The Ethereum Alarm Clock service has fallen victim to the latest Hacktober exploit resulting in losses worth $260,000.
PeckShield Reports Alarm Clock Attack
Around $260,000 worth of ETH was siphoned off when hackers exploited a bug in the smart contract code for the Ethereum Alarm Clock service. The news was first brought to the public eye by blockchain security and data analytics company PeckShield, which revealed that hackers had managed to manipulate a loophole in the scheduling code, allowing them to profit from returned gas fees on canceled transactions. Currently, the protocol can be employed for scheduling future transactions by entering a receiver address, the amount of funds to be transferred, and the time of the transaction. Users must keep the necessary amount of Ether to pay gas fees for the transaction upfront. In the case of canceled transactions, the deducted gas fees are refunded to the originating wallet.
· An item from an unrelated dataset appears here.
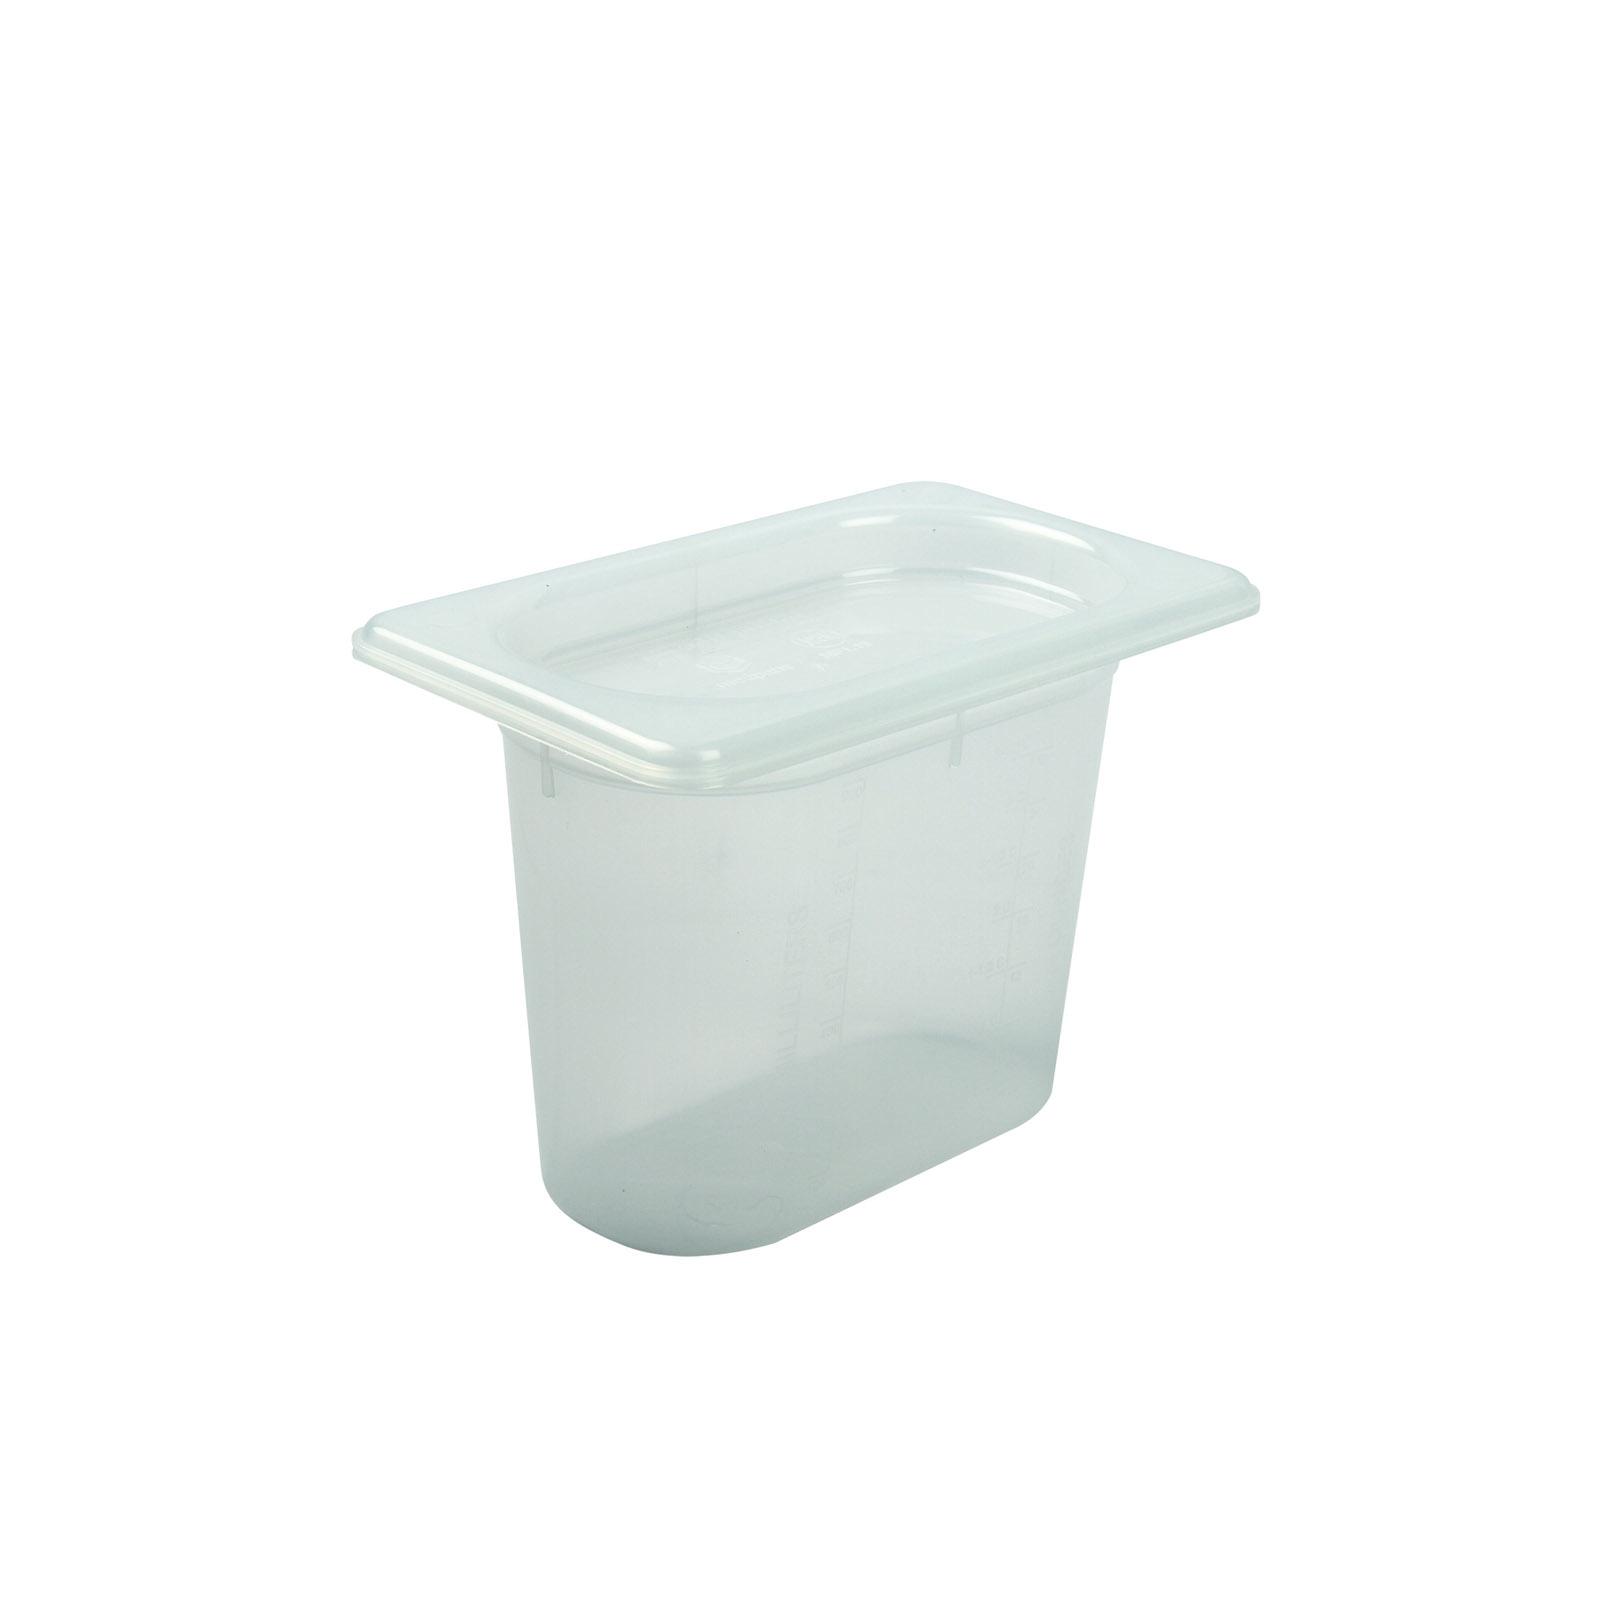 San Jamar MP19 food pan, plastic

Exploit Mechanism Explained
The exploit mechanism can be summed up as attackers calling cancel functions on their Ethereum Alarm Clock contracts with inflated transaction fees. A bug in the smart contract has been refunding the perpetrators a higher value of gas fees than what they initially paid. PeckShield reported that 51% of this bloated refund was paid out to miners, thus increasing their Miner Extractable Value (MEV).
The firm tweeted,
“We’ve confirmed an active exploit that makes use of huge gas price to game the TransactionRequestCore contract for reward at the cost of original owner. In fact, the exploit pays the 51% of the profit to the miner, hence this huge MEV-Boost reward.”
According to another security firm, Supremacy Inc., the exploit has resulted in a loss of around 204 ETH.
Hacktober Continues
2022 has already seen a record number of DeFi hacks. The Alarm Clock attack is the latest in a long line of protocol hacks that have exploited bugs in smart contract codes, especially in the month of October, which is also being dubbed as Hacktober. Most recently, Moola Market was hacked for $9 million by manipulating the price of the lending protocol’s native MOO token by purchasing $45,000 worth of the token and depositing it as collateral to borrow CELO tokens. Thankfully the hacker returned most of the funds while retaining $500,000 as a bug bounty. Other protocols that were exploited this October include the BitKeep Wallet and DeFi protocol Sovryn, which both lost around a million dollars each. However, the most noteworthy is the Mango Markets hack, which resulted in funds worth $117 being siphoned off from the lending platform in the second week of Hacktober.